On being a “hard marker”

I am known as being a “hard marker”, apparently.

And I am coming to terms with that, not as a perverse badge of honour, as if I get some delight over punishing students with low marks. Actually, I work hard to grade consistently, in line with the rubrics I’m given, and with some eye to consistency across other markers. It’s not certain that I’m actually a hard marker, but certain student bodies certainly perceive me to be.

Good think I’m not in the States, where mark inflation means the actual marking range is about 10-15 percentage points higher than the Australian range.
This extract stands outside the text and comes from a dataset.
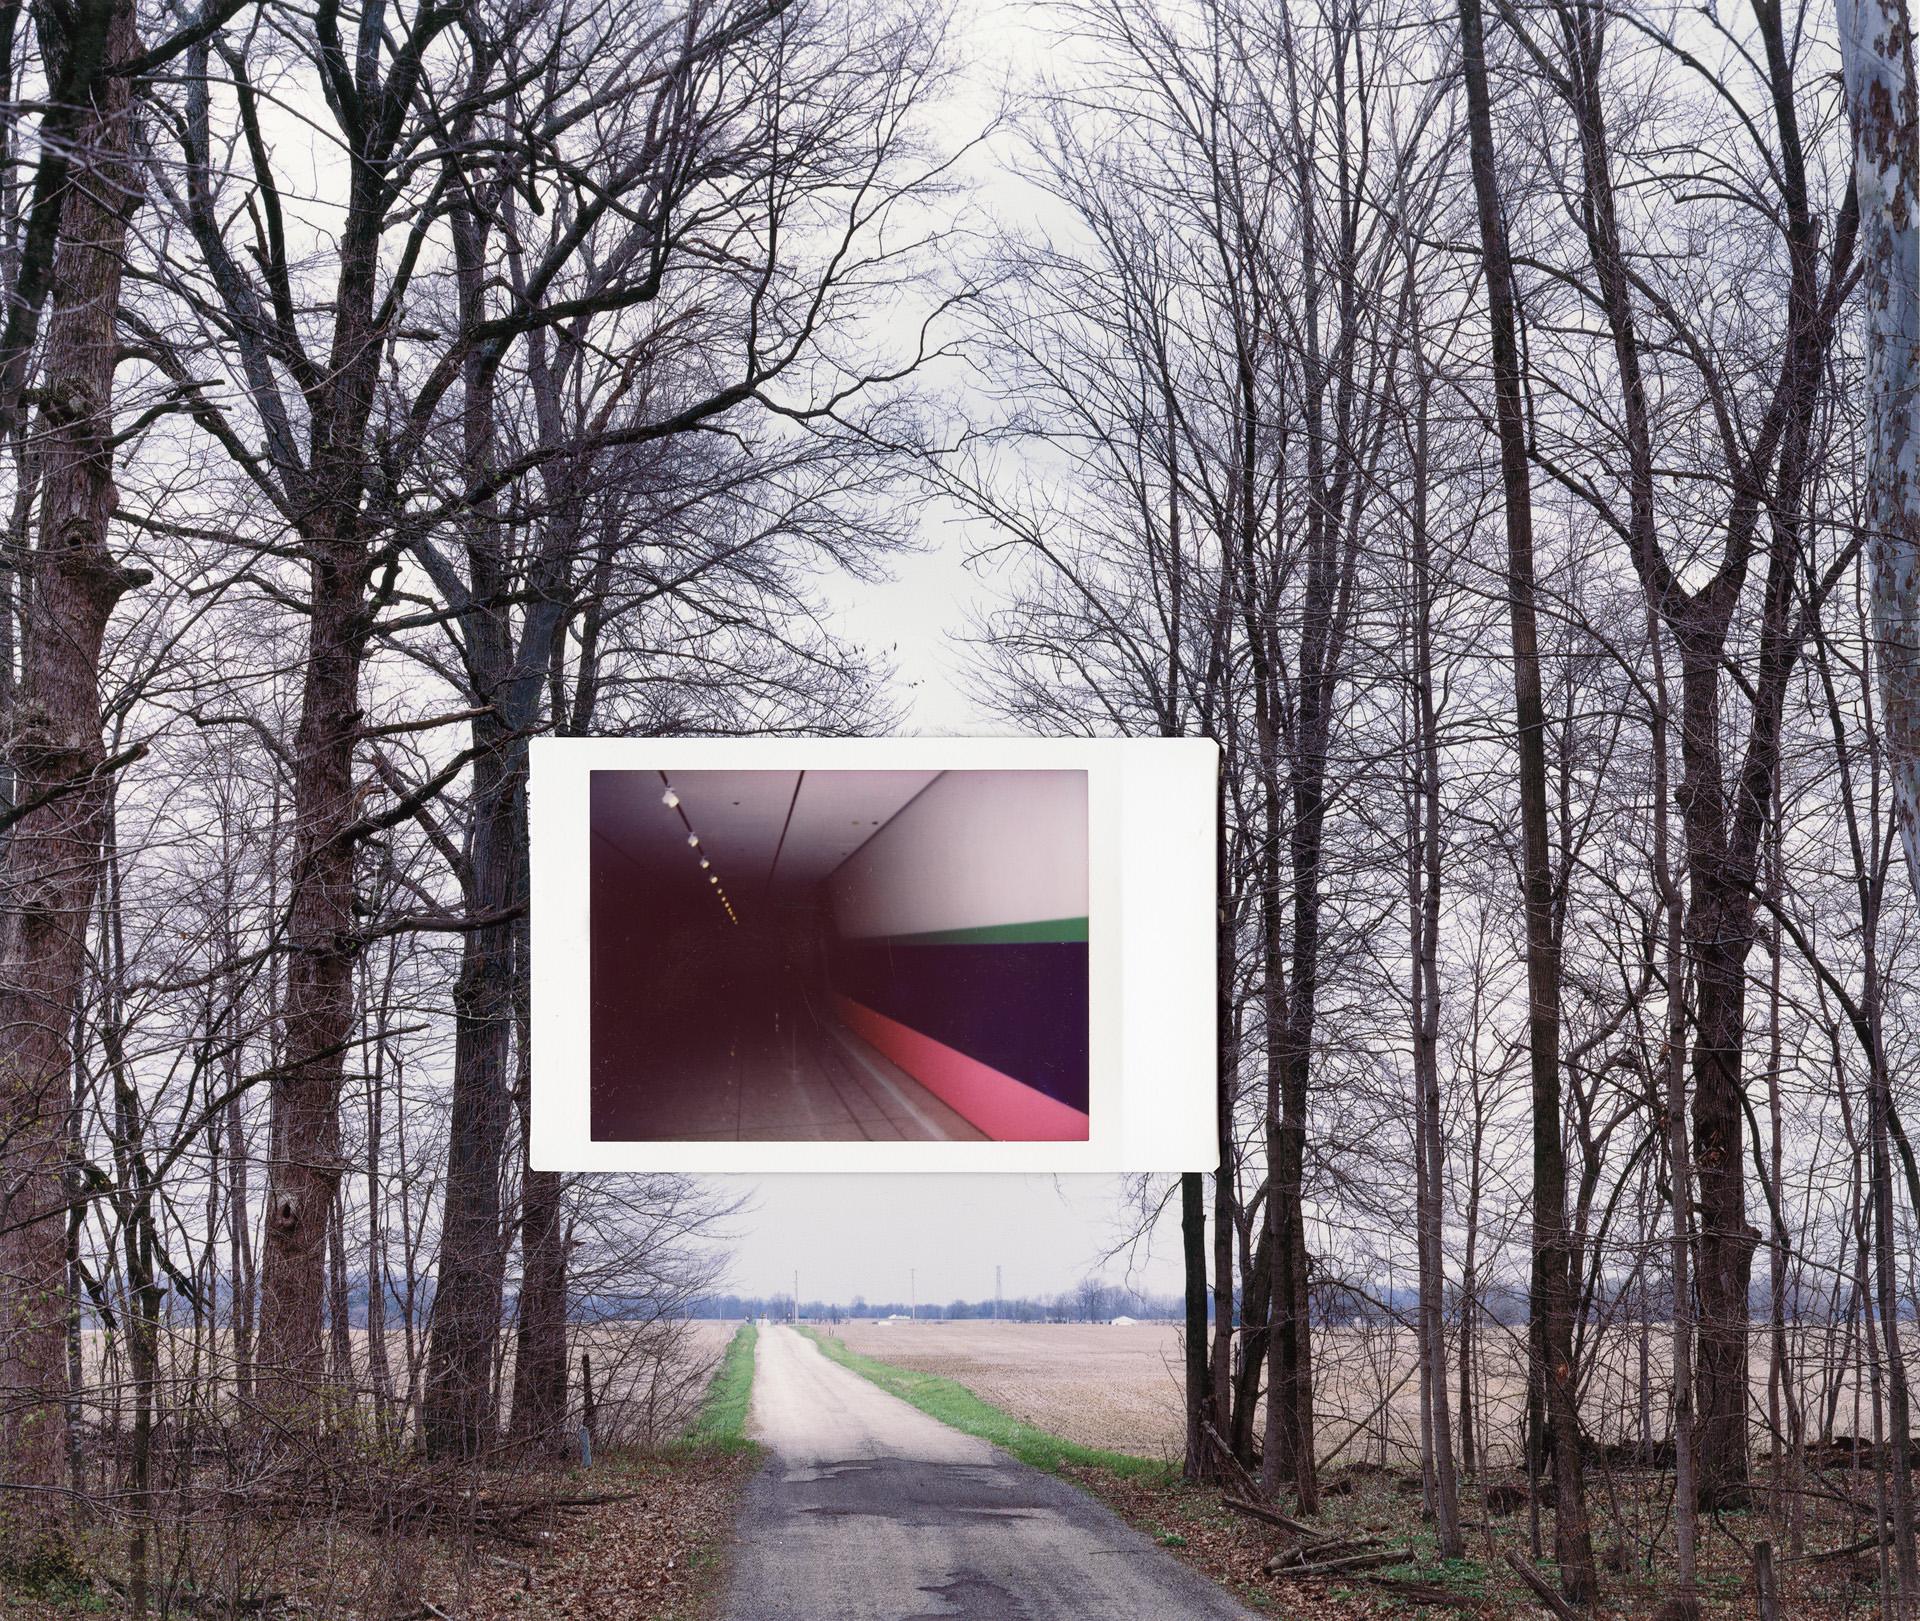 Road Through Trees | John Sanderson

Here I make most assignments as somewhere between 55 and 90. 85 is my usual benchmark for amazing. 55 is a pass. Below that I usually need to mark it as a failure and make sure it’s below 47.
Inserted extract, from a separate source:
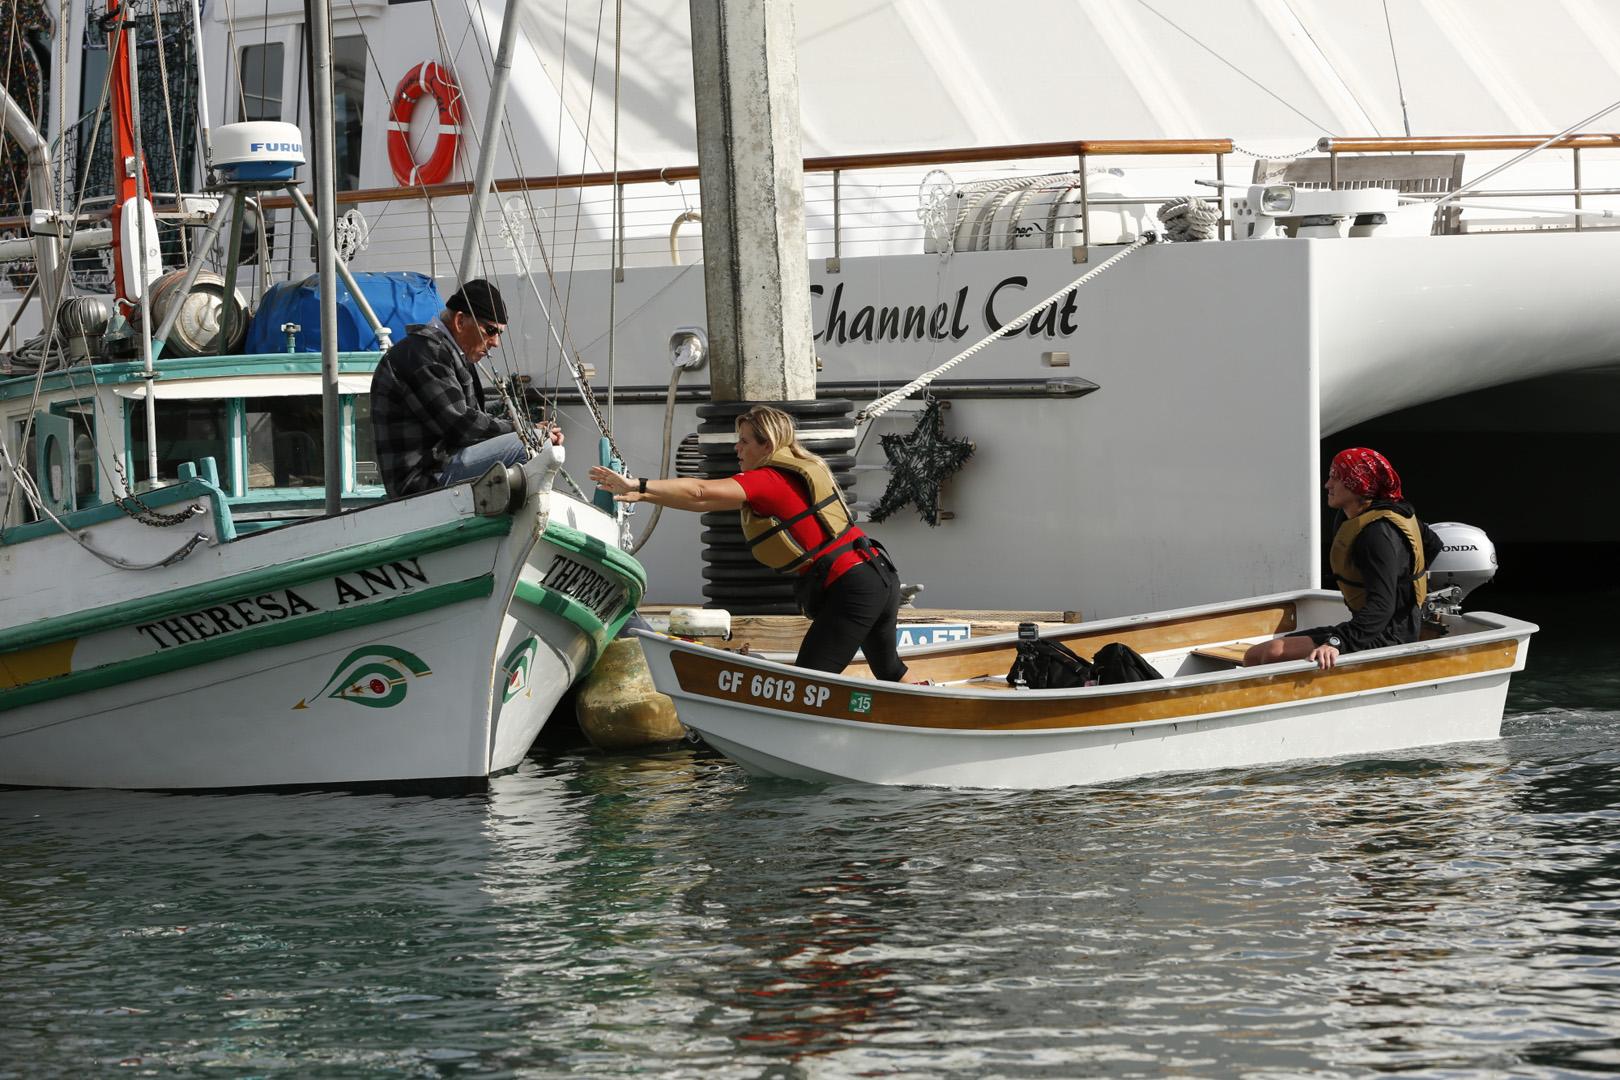 Sheri and Cole search Santa Barbara Harbor for the

But all these numbers mean nothing, in the end, which is what I’m coming to terms with. If I give a 65, or a 75, does this matter, except relative to my own grades? That is, if I awarded you a 65 on one assignment, then a 75 on the next, that should mean something – that should mean that your second assignment was better. But if I award you a 65 and someone else awards you a 75 on something else, who actually cares? You do, because you put numbers on your self-worth as a student.

Most of my marking energy (and time) goes into commenting. I genuinely want students to succeed as students, to improve, to grow, and that includes the area of academic writing. So, yes, I’ll keep on commenting on every little thing you could do to improve, and I’ll keep on marking as I do, without trying to be a student-pleaser, but rather with an eye to overall consistency.

And if that means you think I’m a “hard marker”, all the more reason for you to be diligent, work hard, and earn my respect by turning in exceptional work.

2 responses

  1. I remember at an SBL a few years ago, being shocked at a US professor saying 85 was a B. In UK and Australia that would be a good A+.

    Simultaneously doing UK and US studies earlier this year, the difference was striking, although admittedly slightly confounded by being humanities vs maths/stats.

    My UK classics courses were basically 50–60 PASS; 60–70 MERIT; 70+ DISTINCTION

    If I did everything required by an assignment, I’d get around 70. I never got more than 75 except for my Beginning Greek and ended up graduating with distinction with an average of around 71.

    That would probably shock US students!

    My US educational measurement and assessment courses are basically 60-70 D; 70-80 C; 80-90 B; 90+ A.

    If I do everything required by an assignment, I get 100. 95 would mean I made some stupid mistake. I’ve never got less than 90 (and in fact, got 100% for a course last semester and am on track to get 100% again this semester).

    Uni in Australia when I was there was somewhere in the middle: 75-80 was an A; 80 and above was an A+.

    Now of course, this has nothing to do with grade inflation / what % of people get an A. But it comes down to your comment in your next post about discrimination. If the score for doing what is expected of you is 100, there’s no head room for extending yourself beyond just making fewer mistakes.

    I’ll end with another anecdote from my personal experience. When I first switched majors from physics to linguistics back in 1993, I was doing pretty much what I was expected to do for my assignments and was getting straight B+. One day I thought: I’m going to try to do the assignment the way I imagine an A+ student would do it. Lo and behold, I got an A+. Having that head room in assessment was what stretched me.

    • I think your experiences just serve as more anecdata for my belief that what students expect and get is largely related to a “scale of marks” they are enculturated into. In Mongolia, I had to scale all my marking upwards by about 10-15 marks, to fit in with local “marking expectations”. But, this is all just relative, there’s no objective weight to 85 or 95 or whatever.

      Which is why the two issues of (a) room to stretch, and (b) using the range, seem more important to me. (a) gives students somewhere to strive for, and (b) means that a marking range out of 100 isn’t really a marking range out of 50-75 (UK!).